In Chap. 3, empirical data from literature is collected and compared. The collection includes more than 2000 data-points (i.e., tortuosity-porosity-couples) from 70 studies in various fields such as geology, battery and fuel cell research. Thereby, experimental approaches are considered as well as investigations that are based on computational modeling and simulation. The collection of literature data represents the basis for an empirical description, which shows how tortuosity varies for different types of materials and microstructures. Furthermore, in many of these studies different types of tortuosities are measured for the same materials. These datasets enable to define a relative order among the different tortuosity types. More precisely, it turns out that for a given material, the values of certain types of tortuosities tend to be systematically lower than the values of other tortuosity types. This comparison of different tortuosity types results in a surprisingly clear and consistent pattern.

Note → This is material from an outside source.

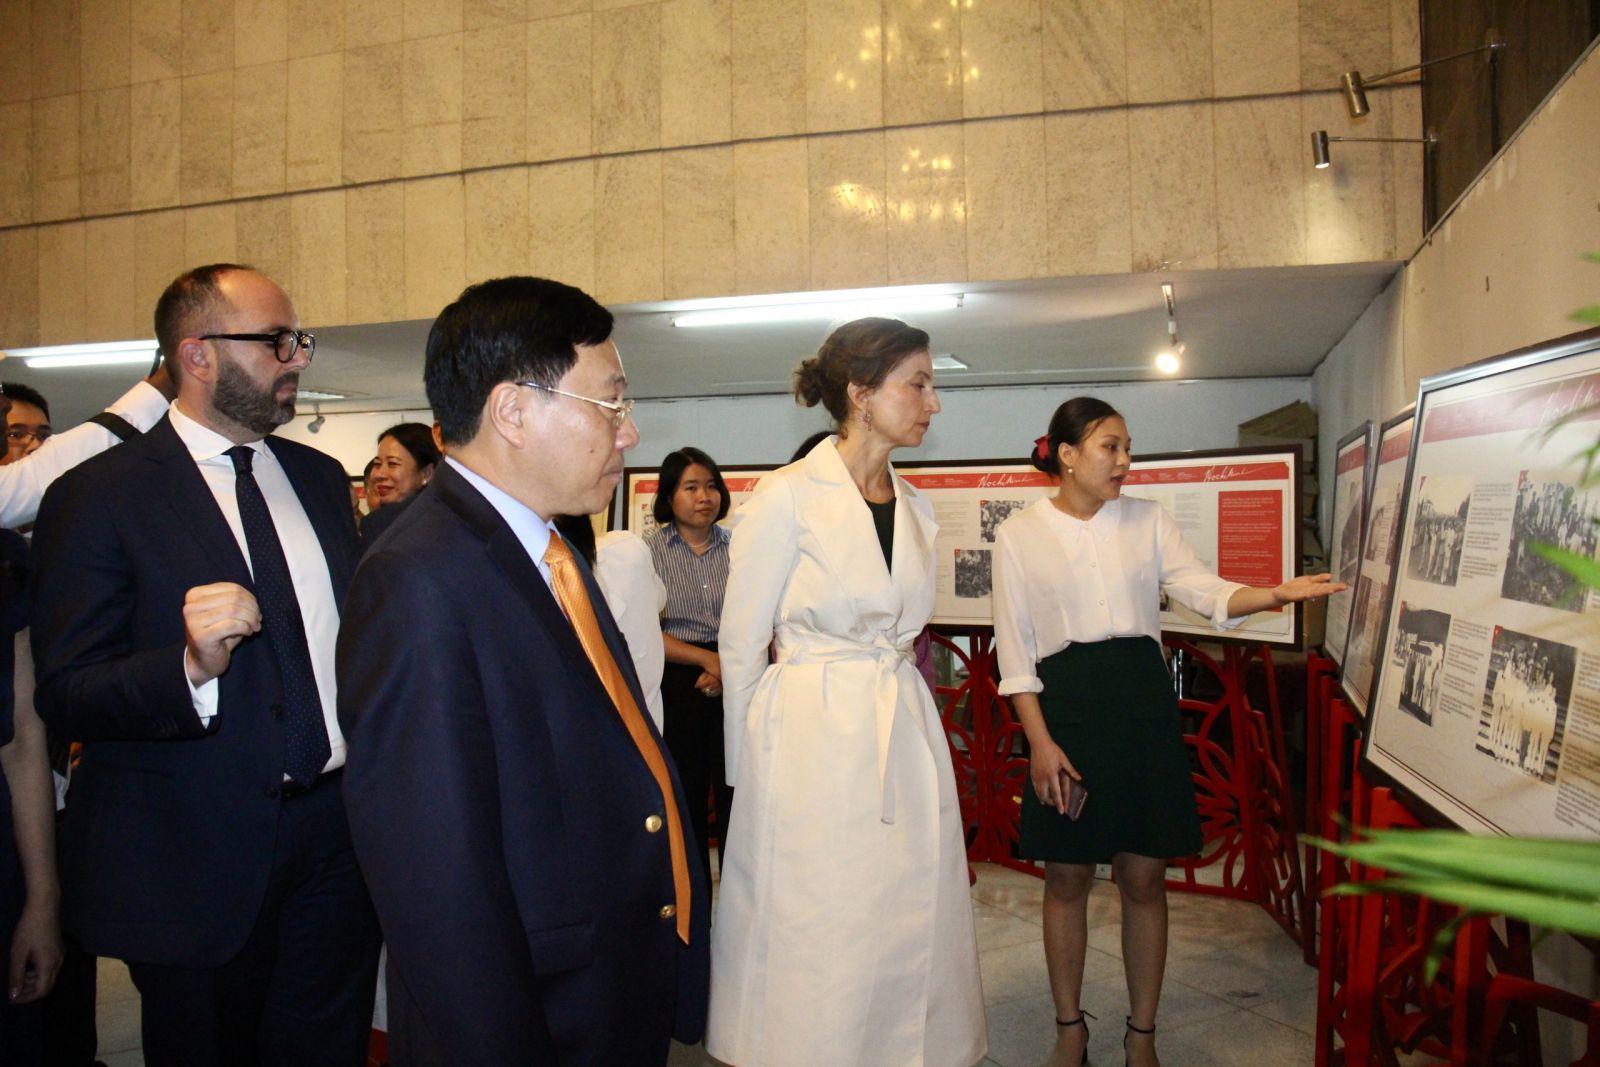 Chuỗi hoạt động kỷ niệm 35 năm UNESCO ra Nghị quyết vinh danh Chủ tịch Hồ Chí Minh

In Chap. 4, modern methods for microstructure characterization and associated calculation approaches for tortuosity are reviewed. Chapter 4 is structured according to the workflow, which is typical for this kind of microstructure characterization. First, an overview of modern tomography methods is presented with a special emphasis on recent innovations and on current trends. Subsequently, calculation approaches by image analysis and by transport simulation are discussed for all three tortuosity categories: direct geometric, indirect physics-based and mixed tortuosities. In addition, an extensive list with available software packages for image processing, which include codes for the computation of specific tortuosity types, is presented. Finally, modern methods of stochastic geometry used for virtual materials testing are discussed in context with their applications in Digital Materials Design (DMD) and Digital Rock Physics (DRP), which are all strongly associated with the investigation of tortuosity.

In Chap. 5, it is discussed how the recent progress in tomography, 3D image analysis, microstructure modeling and virtual materials testing can be used for a thorough understanding of microstructure-property relationships. Based on modern 3D characterization techniques, the effects from tortuous pathways can now be distinguished from other microstructure effects, such as the limitations arising from narrow bottlenecks and from the friction at pore walls. New morphological descriptors were introduced for the bottleneck effect (i.e., constrictivity), for the wall friction effect (i.e., hydraulic radius) and also for the path length effect (i.e., tortuosity). Consequently, new formulas describing the complex relationships between microstructure and effective transport properties have been established recently. The evolution of morphological descriptors and associated formulas describing the micro–macro relationships are reviewed in Chap. 5. For porous media with random microstructures, these new formulas have a higher prediction power compared to traditional equations from the literature, such as e.g., the Carman-Kozeny equation for viscous flow.

Finally, a summary and conclusions are presented in Chap. 6.